Магнусен был сторонник той теории, которая утверждала, что европейская культура родилась и процветала на побережье Средиземного моря и что тут же ей суждено умереть. Все пришлое, все чужое, хотя бы гениальное и прекрасное, не могло, по его мнению, влиться в эту культуру без того, чтобы не разрушить ее: вселенский Рим никогда не поклонится чужестранным кумирам и не допустит их в свой светлый Пантеон.

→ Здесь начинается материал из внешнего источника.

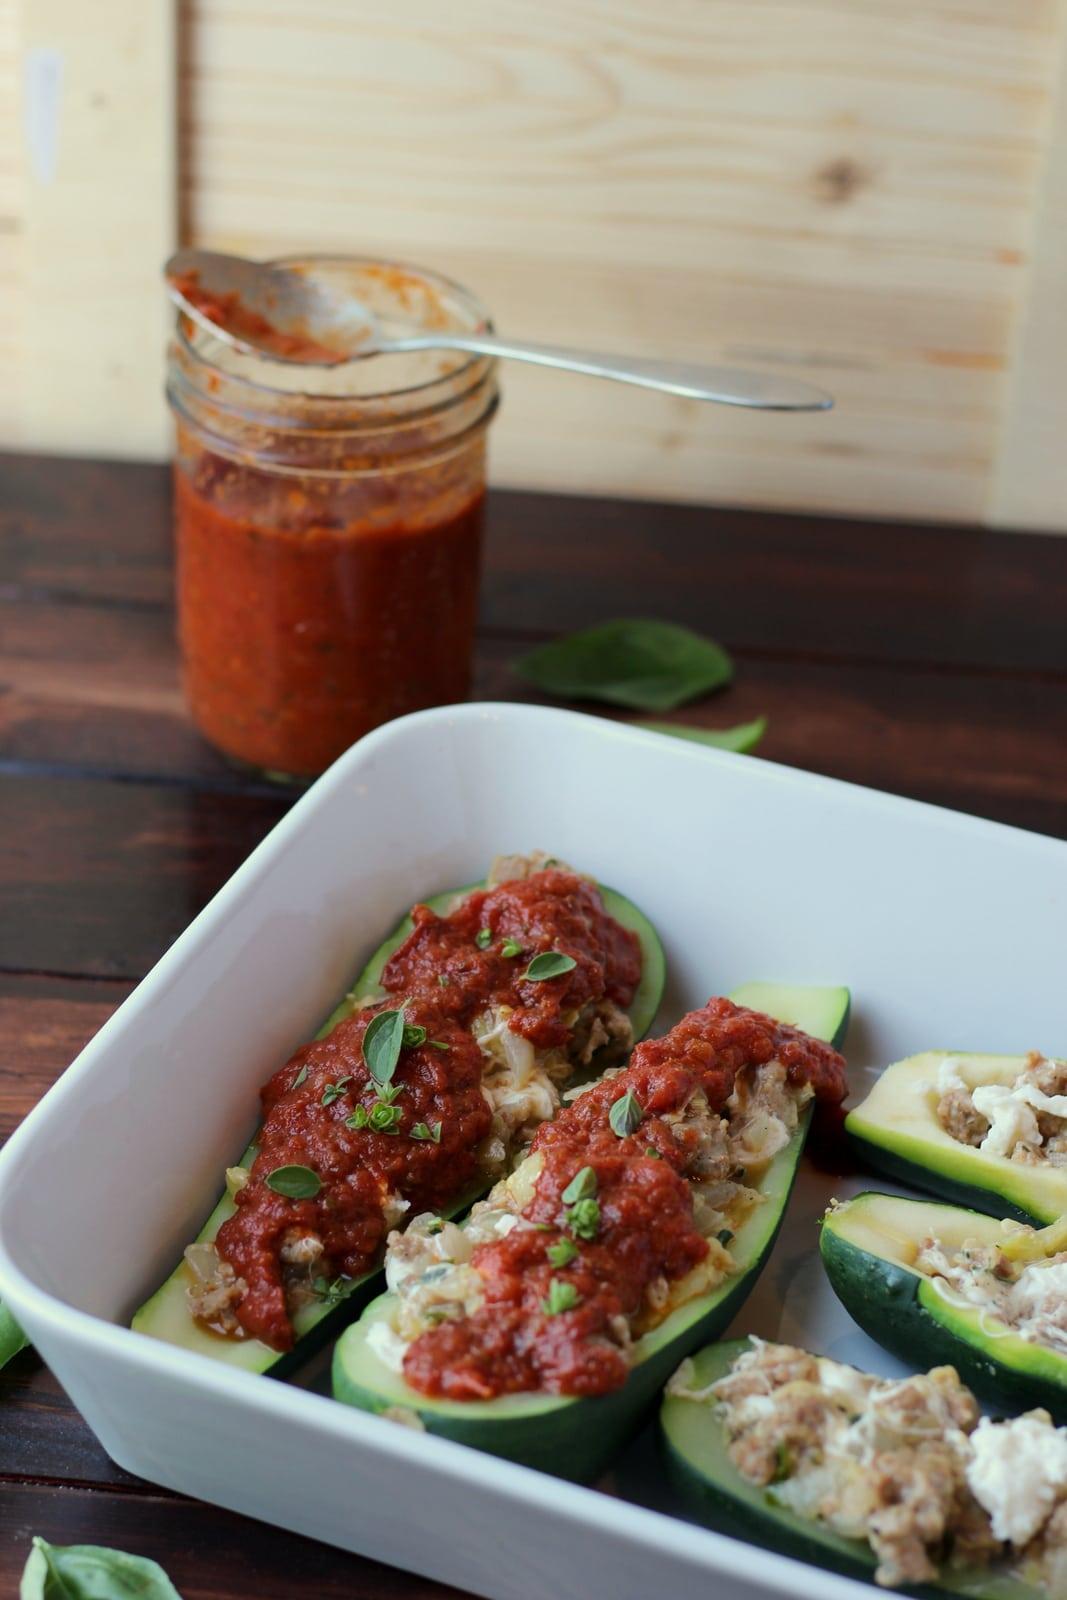 Stuffed Zucchini - thewoodenskillet.com #zucchini #sausage #dinner
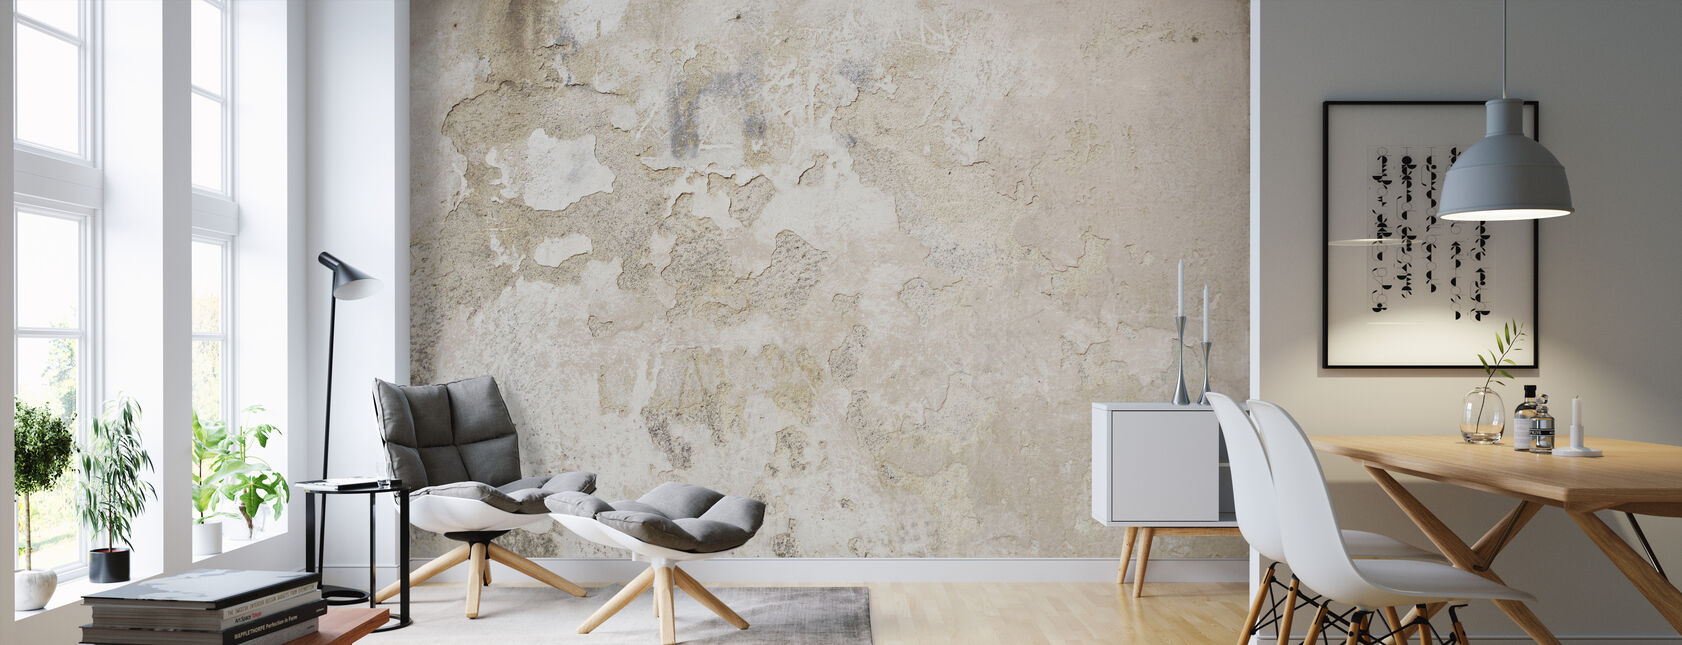 Light Street Wall - Tapete - Wohnzimmer

Это была излюбленная тема его монологов, внезапно раздававшихся среди шумного спора. Достаточно было сказать «японская гравюра» или «негритянский орнамент», чтобы привести его в словесное неистовство, от которого звучно расстегивалась запонка его высокого стоячего воротника. И тогда он хватался за жилетный карман, сухими бледными пальцами извлекал из него кожаный карие и язвительно вычитывал оттуда:
— В муниципальном управлении чисто русского города Владимира заседают трое китайцев. Начальник московской милиции — бурят. В Воронеже прокурором состоит калмык. В Потсдаме, у Берлина, где некогда жил Фридрих Великий, один из судей носит самую распространенную русскую фамилию — Иванов. В прошлом году шесть негров окончили Сен-Сирскую школу, а в колониальных войсках Франции имеется даже генерал-сенегалец. Не находите ли вы, что это очень знаменательно? Нужно быть слепым, чтобы не заметить нового переселения народов, которое, конечно, испепелит Леонардо да Винчи, Палладио, Бетховена и Шекспира. Только потому, что мы не видим движущейся орды с женами, собаками и котлами, мы не опасаемся новейших готов, аваров, герулов и сармат, забывая о том, что такую нежную вещь, как культура, можно уничтожить и изнутри. Некогда и Рим ничего не замечал. Долгое время он забавлялся варварами, как интересной игрушкой, предназначенной для войн, триумфальных шествий и гладиаторских боев. А когда заметил, было уже поздно. Мы тоже забавляемся кое-кем и тоже ничего не замечаем.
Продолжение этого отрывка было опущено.